At the end of 2011, the Assad regime strategically released from its prisons the extremists who had returned to Syria following the Iraq War. The regime knew full well that these people were not interested in building schools or planting community gardens. These people were released into the country by the Assad regime to sow seeds of chaos and terror among the peaceful people demanding freedom from his tyrannical regime.
In the midst of our peaceful protests, we didn’t ask for foreign intervention; the Assad regime brought Iran and Hezbollah to fight for it. In time, we could no longer stand by and watch our people being massacred, so only then did we call for help from the international community. We pleaded that outside powers stop Assad by finding a political solution.
We asked that Assad be held accountable for his actions in a court of law, but all we got from the international community were speeches rich with hot air, and promises that were never be kept. And then ISIS emerged.
Mr. Trump, Syria’s people have been killed in so many ways – some you can imagine and others you cannot. Assad has killed us with bullets, bombs, snipers, starvation, and various forms of horrific torture techniques I could personally attest to.
I remember in 2013, when Assad deployed a chemical weapon that killed an unfathomable amount of Syrians in a matter of minutes. I cried more at that horror than any other – seeing all those dead bodies – free from any blood stains and perfectly intact apart from the yellow hue that shrouded their faces frozen in terror. All they had done to ensure their own deaths was to breathe.
Yes, Mr. President, they dared to breathe after your predecessor declared that any use of chemical weapons constituted crossing a red line. We took this to heart; we thought that this atrocity would finally elicit meaningful action from the U.S. and the international community to finally eradicate this 21st century monster.
Unfortunately, Mr. President Trump, the red line turned out to be drawn in blood, and we collectively lost all trust in the U.S. and international community. The world's inaction taught Assad that no one would stop him, so he continued to use chemical weapons with impunity.

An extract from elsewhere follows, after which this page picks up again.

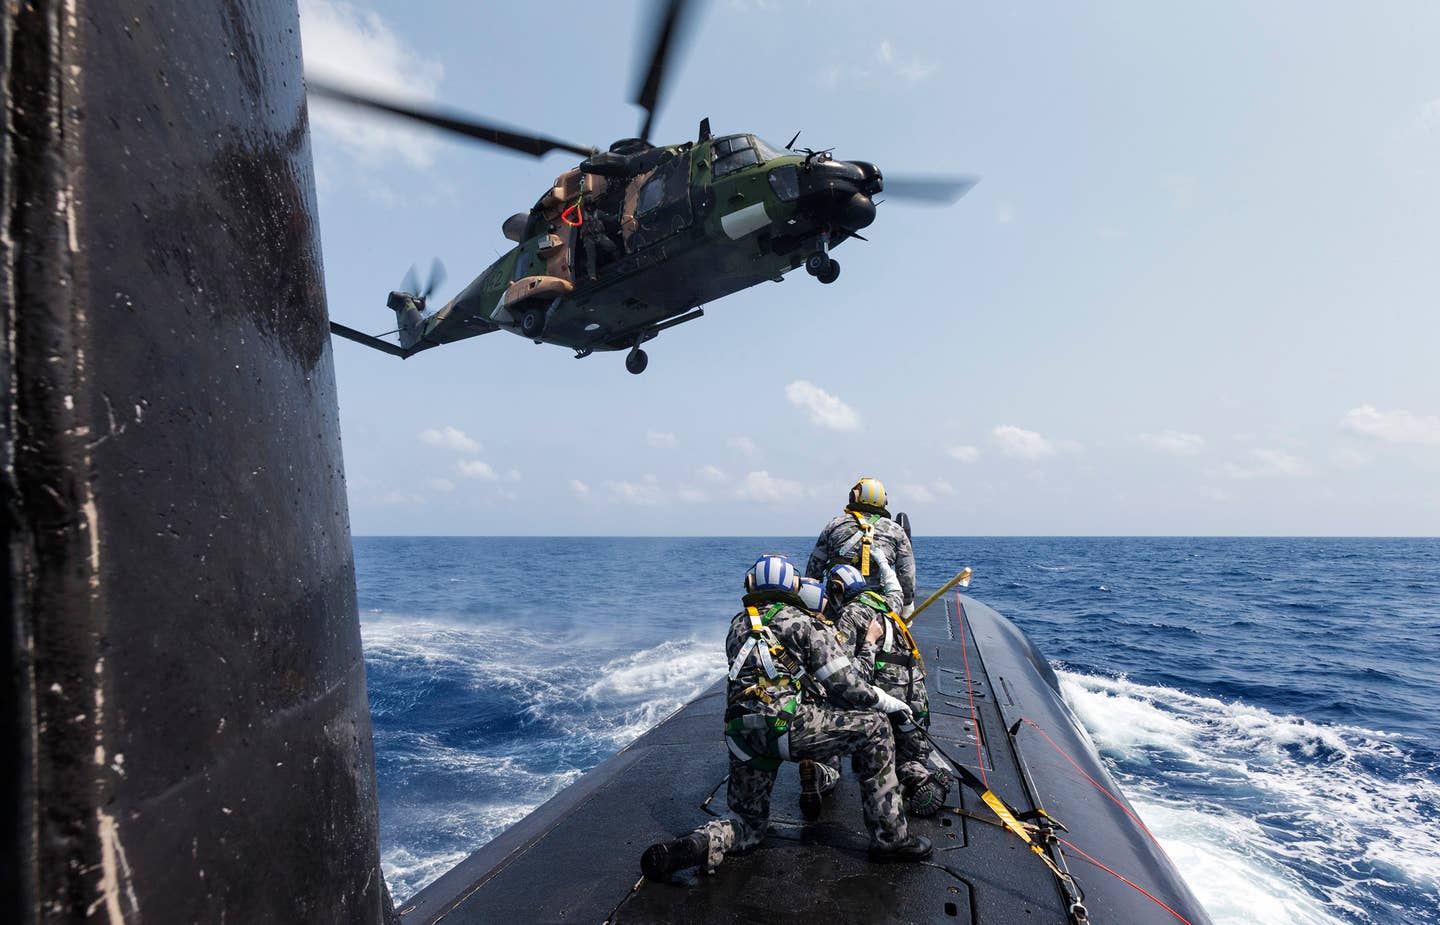 A team of Royal Australian Navy submariners on board HMAS <em>Collins</em> await a winch from an MRH90 helicopter during a personnel transfer while sailing in the Bay of Bengal as part of AUSINDEX 2019. <em>COMMONWEALTH OF AUSTRALIA, DEPARTMENT OF DEFENSE</em>

In 2015, Assad brought the Russians in to fight alongside his armed forces and this decision, by far, turned the military table in his favor. The relatively weak Assad army was now empowered to slaughter even more Syrians.
This so-called civil war was no longer a family affair – we were being killed by non-Syrian actors – countries and militias that had nothing to do with us. The Syrian conflict turned into a proxy war. Then, and only then, the U.S.-led international coalition decided to join the war by targeting ISIS, and leaving Assad to act as he pleased.
My friends and I founded “Raqqa is Being Slaughtered Silently” – the first organization to report from inside ISIS territories. We wanted to fight terror with truth, and because of this, everyone affiliated with the organization became targeted by ISIS for extermination.
But while it’s true that I suffered more at the hands of ISIS than any other group, I need to tell you something very important: Assad’s regime is far more brutal than ISIS.
Mr. President, some 95 percent of the Syrians who have been killed in Syria were killed by Assad; his warplanes, his missiles, his chemical weapons. Not ISIS. ISIS was a nightmare for the Syrian people – this is beyond debate. But you, the world – you all decided to fight ISIS and forgot about Assad.
In 2014, I was forced to leave Raqqa and flee to Turkey after ISIS came to my house to arrest me. After that, I moved to Germany and began to travel the world trying to bring attention to my country and my cause.
I pray that you will continue working with France and Great Britain and the rest of the free world until Assad is finally defeated once and for all.